In both studies, the robotic systems were able to perform at about the same level as a human experimenter. “General researchers without intense training or expertise can employ these [automated] techniques to acquire the data necessary to address their questions,” says Lu Li, a scientist at the Allen Institute for Brain Science, who was not involved in either study.
One of the current limitations, according to Margrie, who was not involved in either study but has collaborated with some of Schultz’s coauthors, is that in order to implement both of these approaches, one would need a “relatively highly skilled engineer and programmer.” However, he adds, “once it is established in the laboratory, multiple scientists would, in a relatively straightforward manner, have immediate access to a method that appears to have a throughput on par or even superior to an expert in vivo patch clamper.”
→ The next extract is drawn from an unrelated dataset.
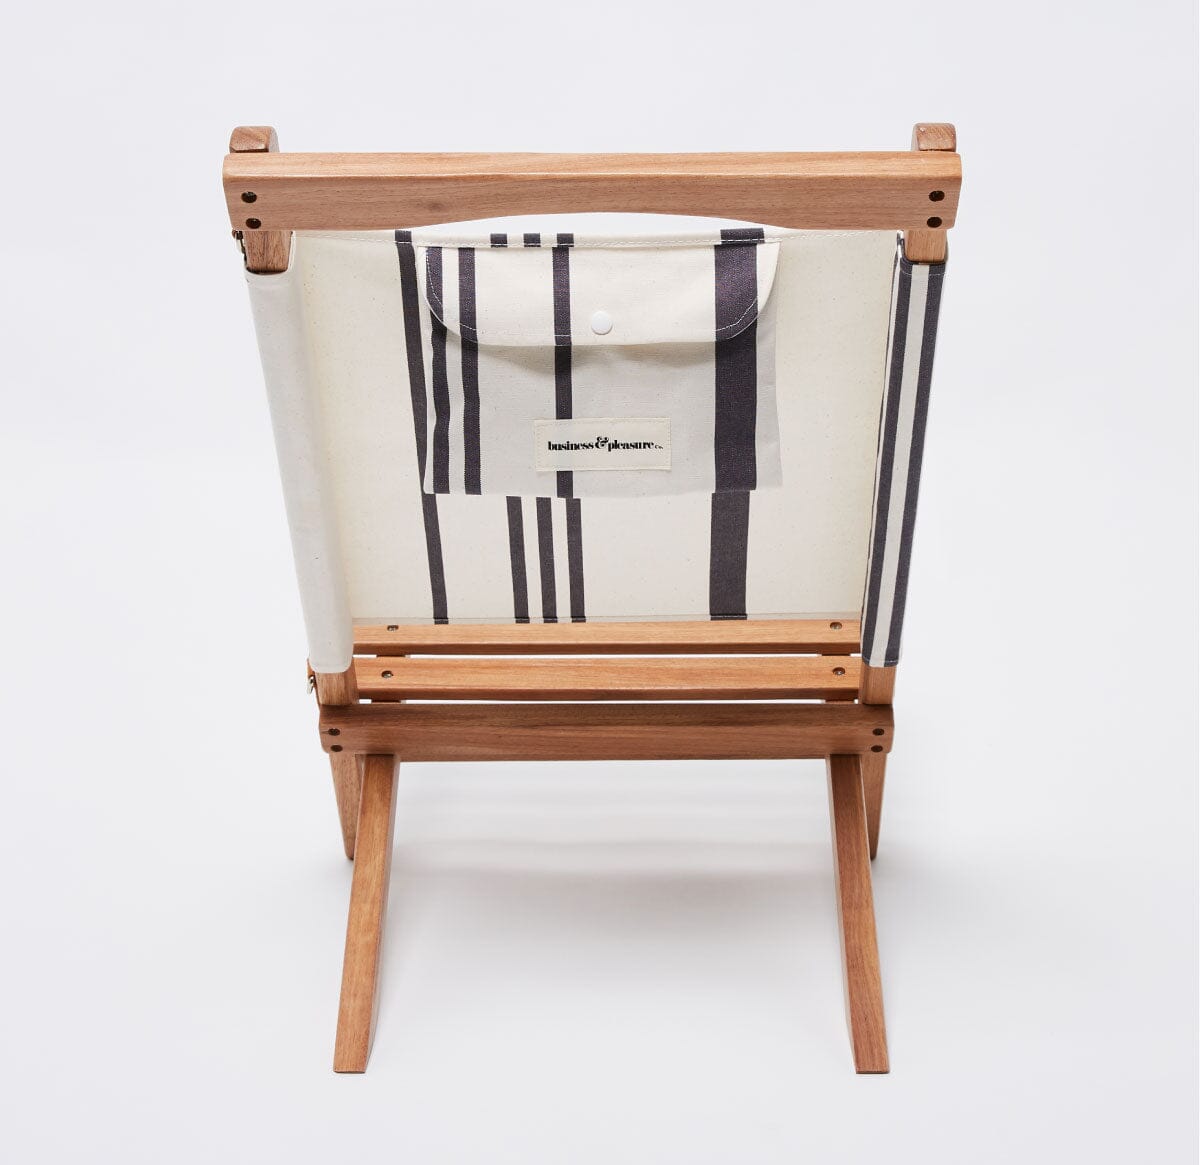 The 2-Piece Chair - Vintage Black Stripe
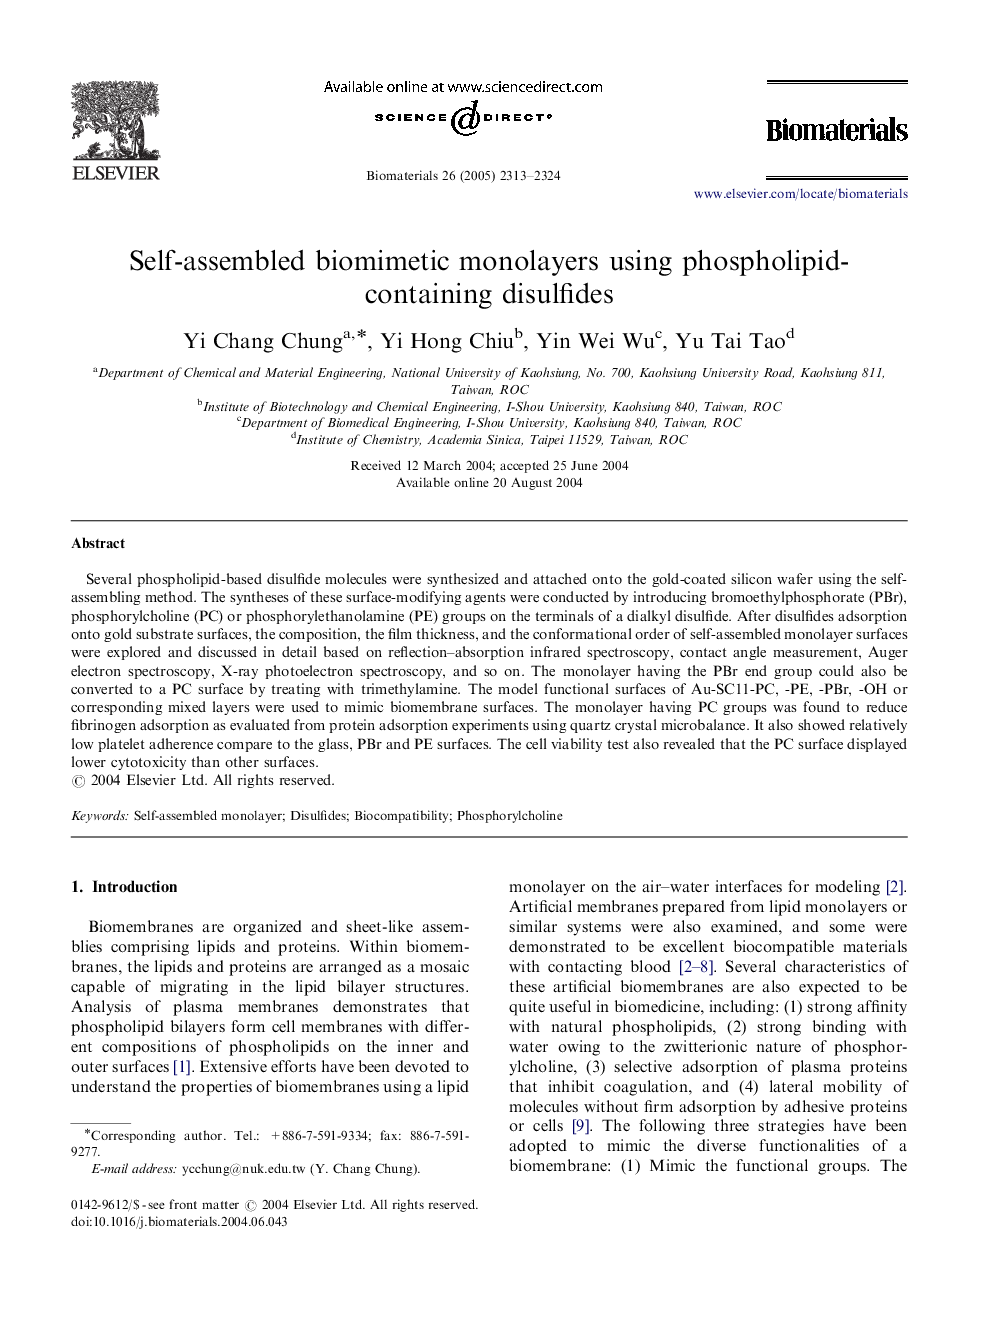 Self-assembled biomimetic monolayers using phospholipid-containing disulfides

Correction (August 31): The original version stated that Boyden's setup entered the brain vertically, and suggested this could compress brain tissue. We have removed this language and updated the article to clarify that the pipette enters axially, on an angle, in both techniques and only descends vertically in Boyden's method at the very last steps. The Scientist regrets the error.
L.A. Annecchino et al., “Robotic automation of in vivo two-photon targeted whole-cell patch-clamp electrophysiology,” Neuron, doi:10.1016/j.neuron.2017.08.018, 2017.
H.-J. Suk et al., “Closed-loop real-time imaging enables fully automated cell-targeted patch-clamp neural recording in vivo,” Neuron, doi:10.1016/j.neuron.2017.08.011, 2017.